The chief executive of Ireland West Airport has warned that Ireland’s aviation sector will return to the 1950s when the country had only one airport if travel restrictions are not lifted soon.
In an exclusive interview with the Western People, Joe Gilmore revealed that the airport is running at a record deficit of €4m in 2020 after losing 90 per cent of its business.
“No business can sustain this level of reduced demand and effectively be shut up in terms of travel restrictions,” said Mr Gilmore, adding that the airport has been “effectively closed since March”.
“Passenger numbers have collapsed, load factors have plummeted and staff have faced redundancies and shorter working weeks. The airport has already slashed its costs by 50% but “from a business perspective we might as well be closed”, said Mr Gilmore.
“The fact that there are such severe travel restrictions, we’re effectively closed down.
“If this continues for six or 12 months then the threat of closure comes into play,” he added.
Aer Lingus never restored its services from Ireland West after lockdown and only 25% to 30% of seats on Ryanair’s reduced schedule are taken. If the low-cost airline continues to lose significant amounts of money there’s a fear its chief executive Michael O’Leary will pull out of Knock, leaving the airport with no flights.
Mr Gilmore said airport management had “positive discussions” with Minister of State at the Department of Transport Hildegarde Naughton on two occasions and is seeking €4m in the upcoming budget to meet losses.
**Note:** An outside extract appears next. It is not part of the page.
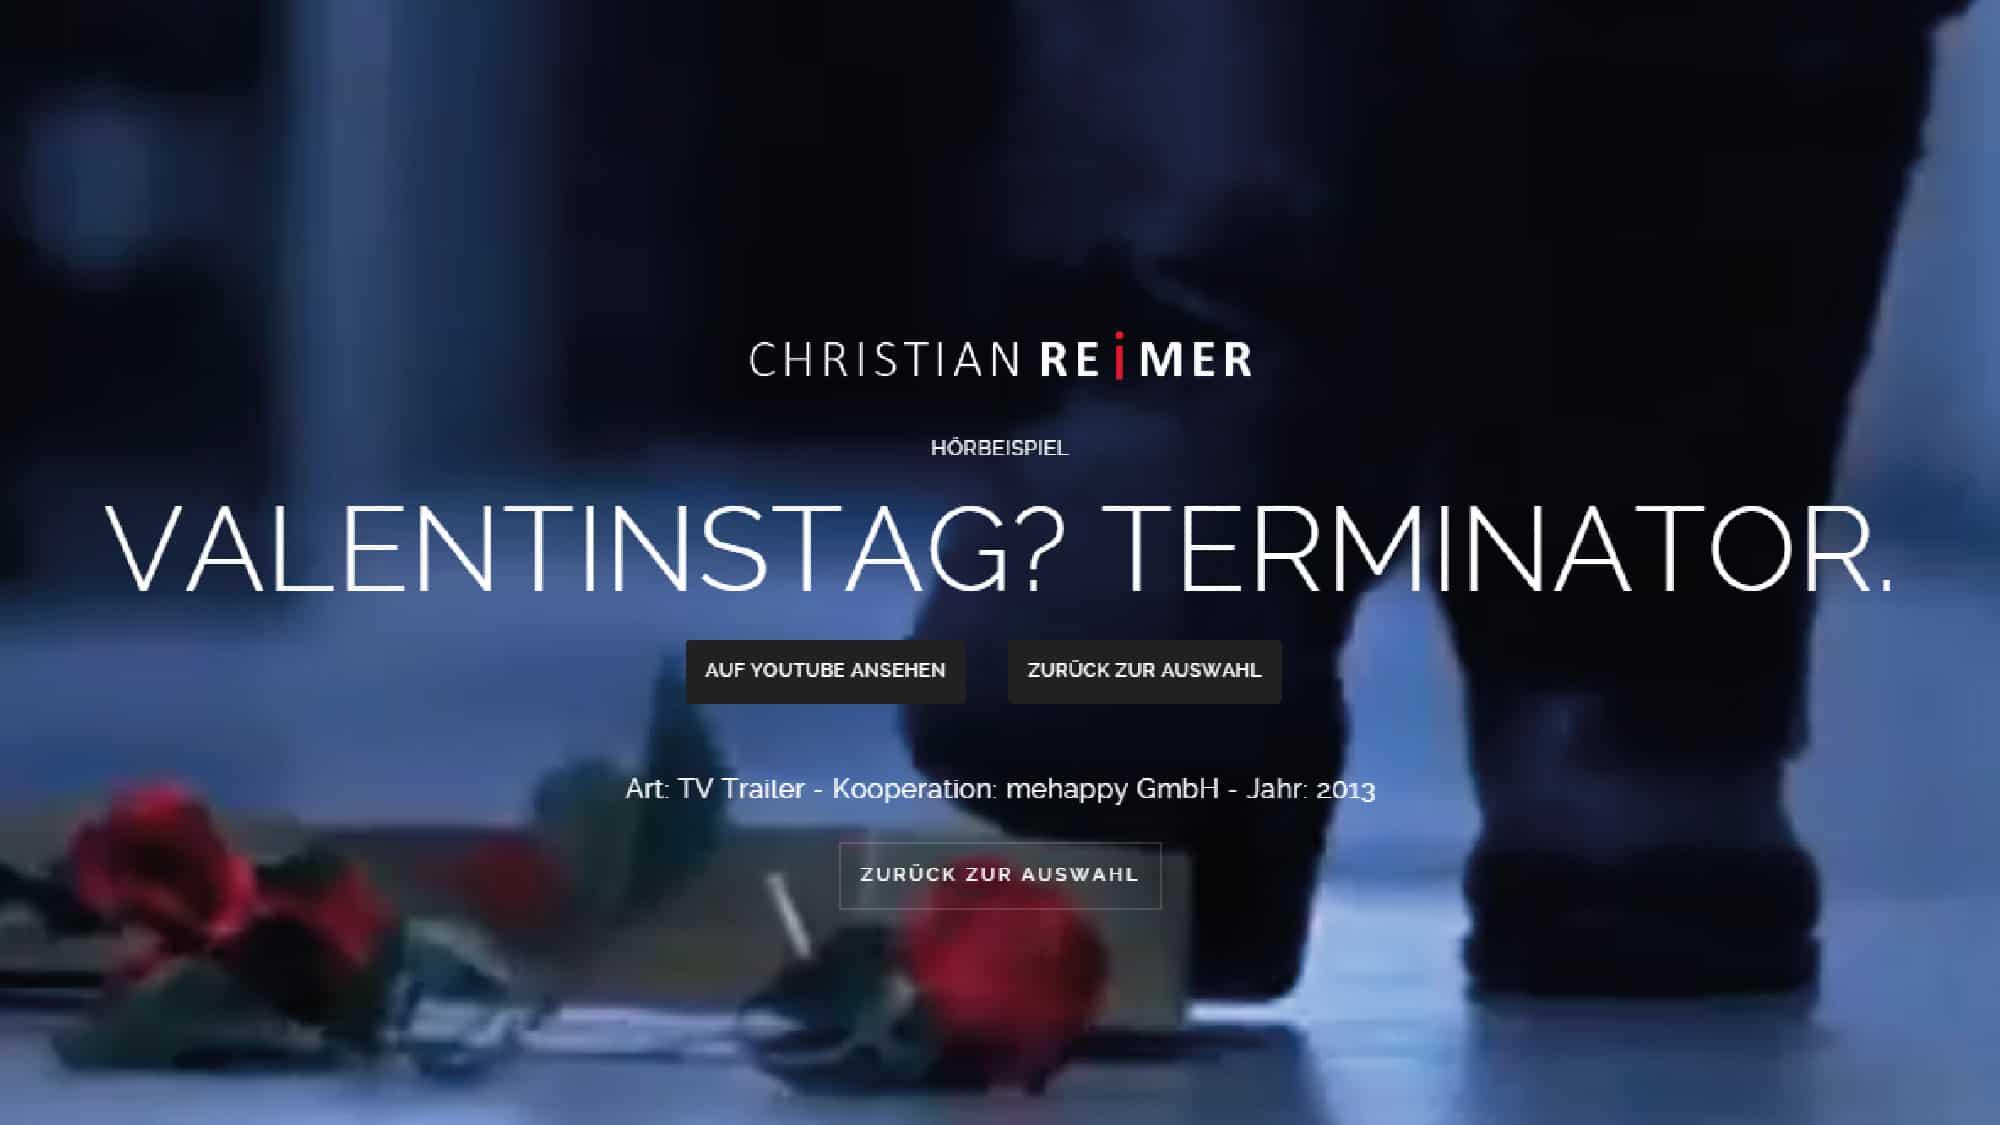 Terminator am Valentinstag. Hörbeispiel Christian Reimer
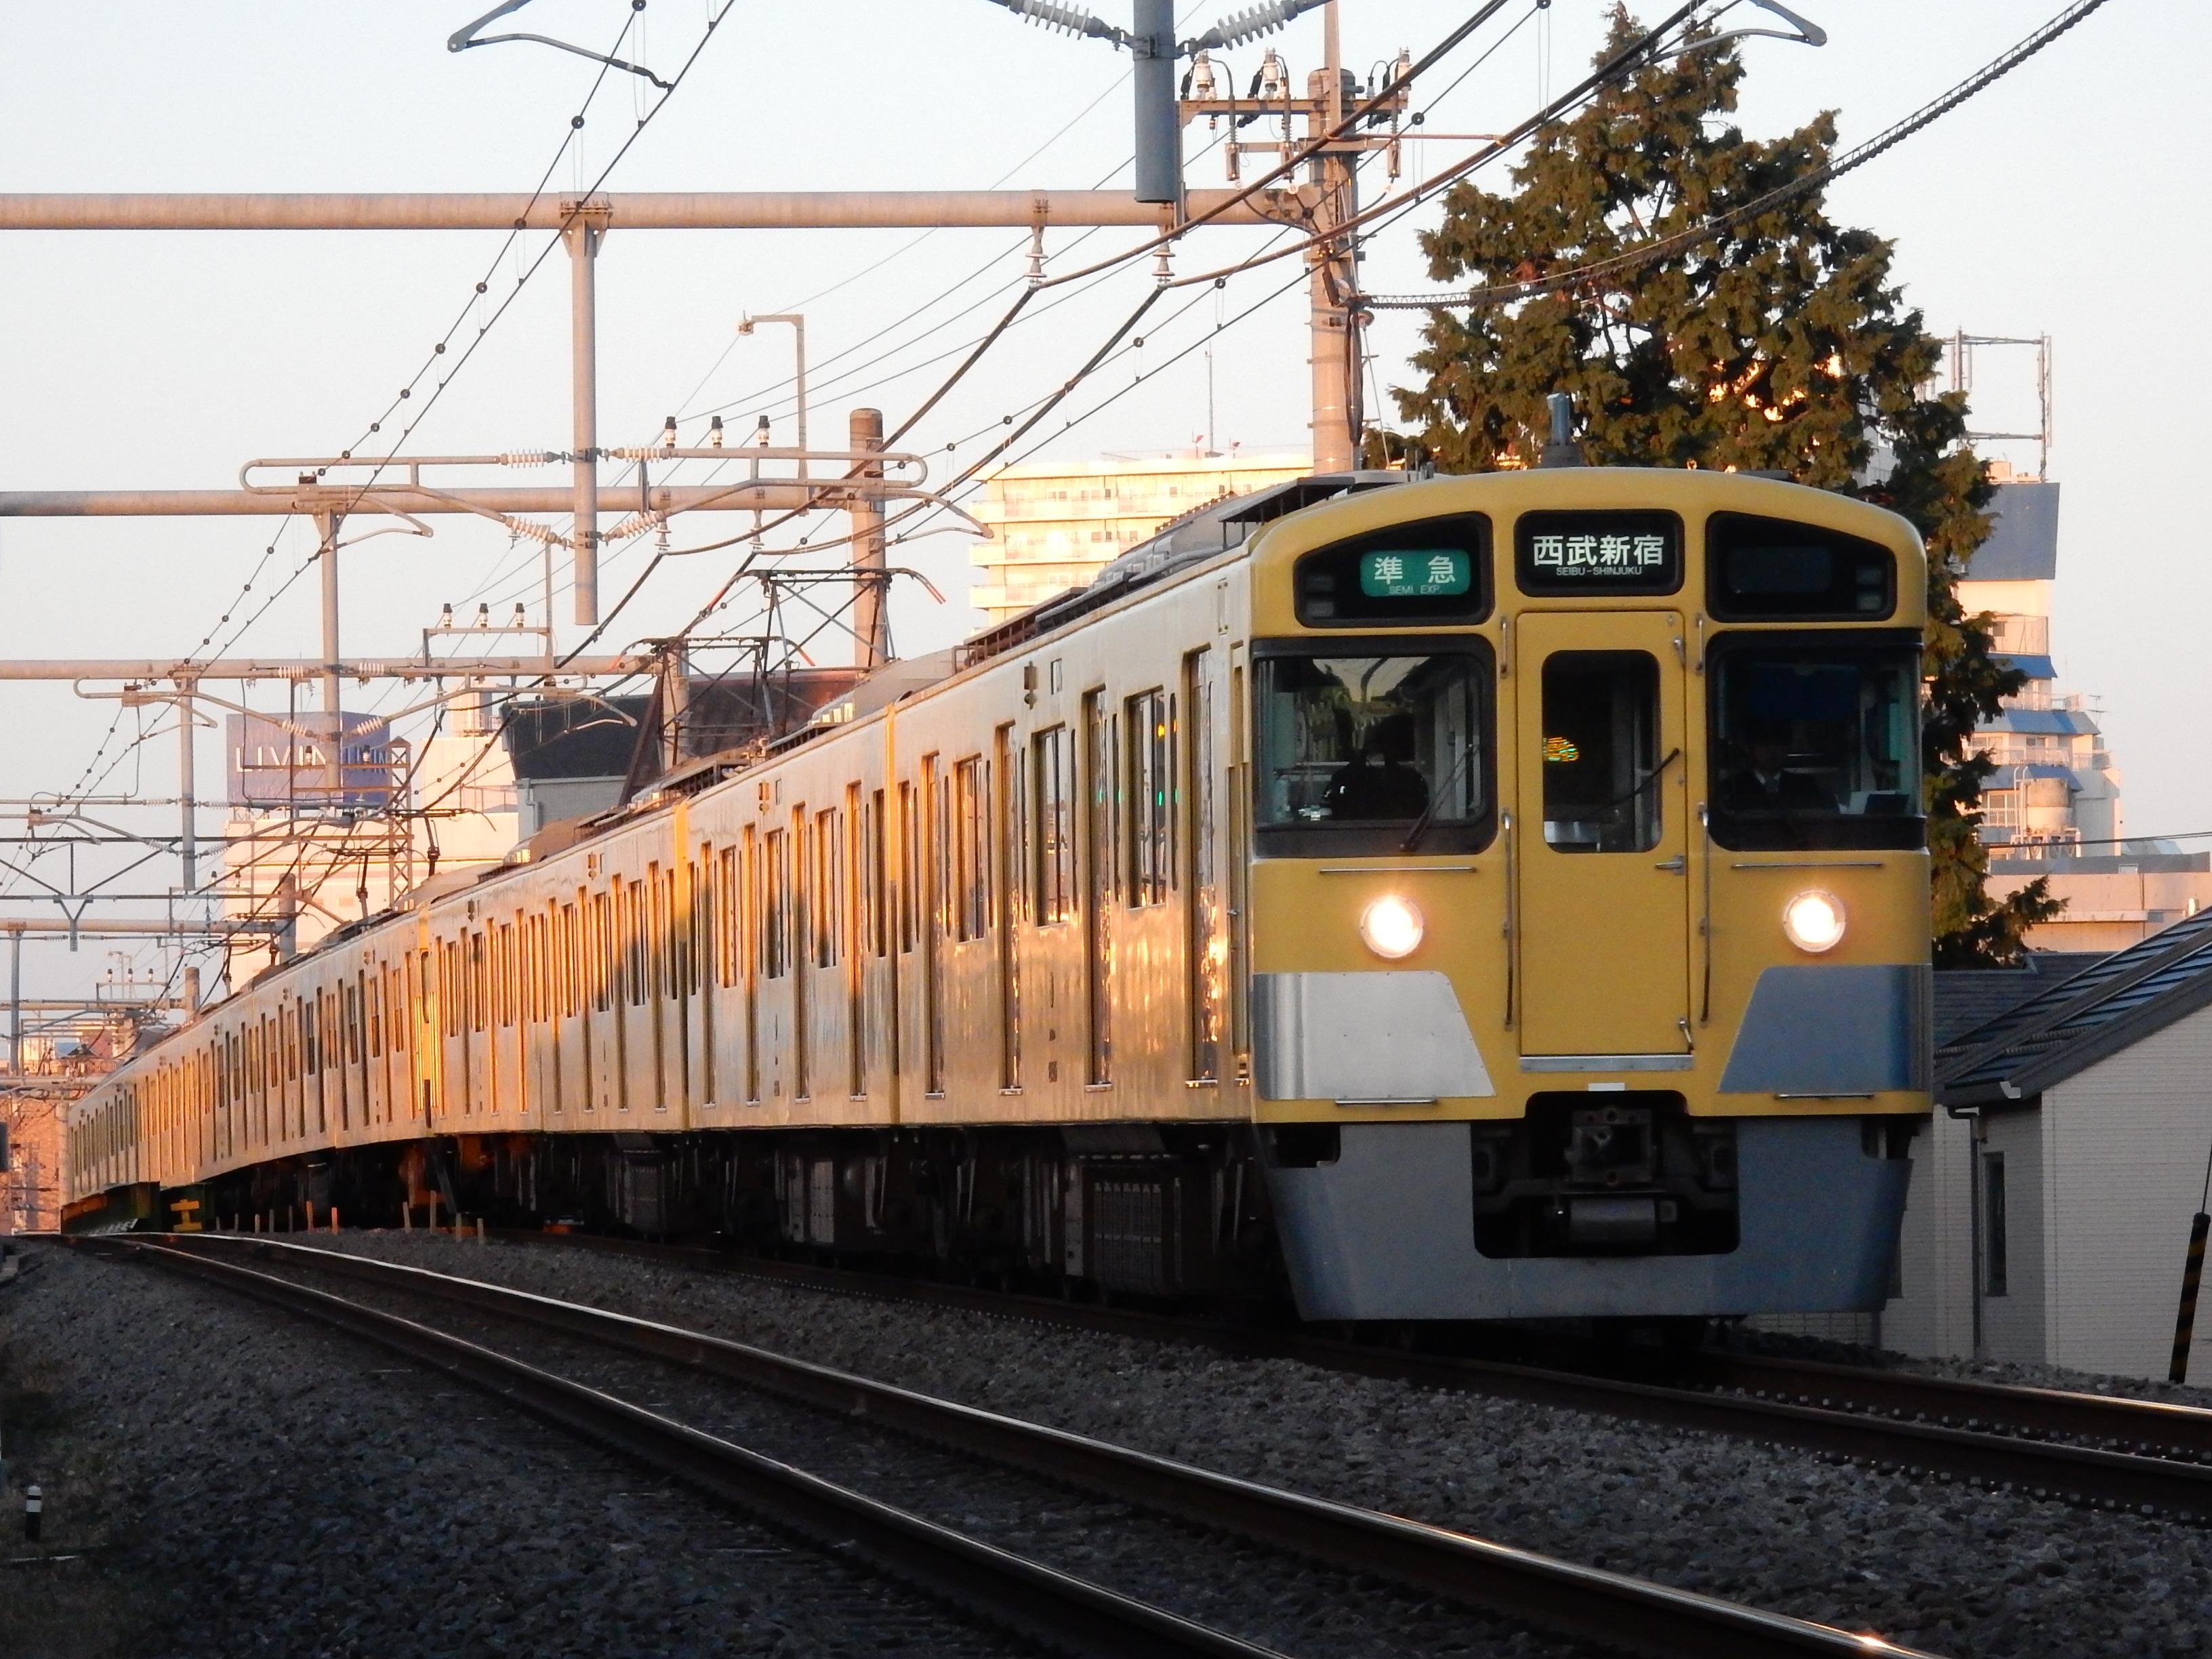 DSCN9492.jpg

The chief executive was a member of the National Taskforce for Aviation Recovery and is adamant that the recommended stimulus package for airlines must be implemented to allow for continued flying and the restoration of connectivity.
“Airlines are losing significant amounts of money and that can only be sustained for a period of time.
“The scale of the losses in the aviation sector are enormous; the whole sector has been effectively shut down,” he said pointing out that the Dublin Airport Authority is reporting losses of a €1m per day.
Mr Gilmore is in favour of pre-departure Covid tests at airports if they make flying safer and give people the confidence to travel.
“If we continue as we are there’s a risk air travel wont recover for 10 years in this country and the risk to airports like ourselves and Shannon and Cork is that we won’t survive. We have to find a way to make travel safe from a public health point of view.
As the nation holds its breath for the budget and news of a vaccine, only 12/14 flights per week are scheduled to operate from the airport during the winter months.
“Hopefully there will be some positive developments on the travel front,” said Mr Gilmore who believes there is ‘pent-up demand’. “We’re seeking an opening up of the UK market. It doesn’t make sense asking people to quarantine here when you don’t do it on the opposite end.”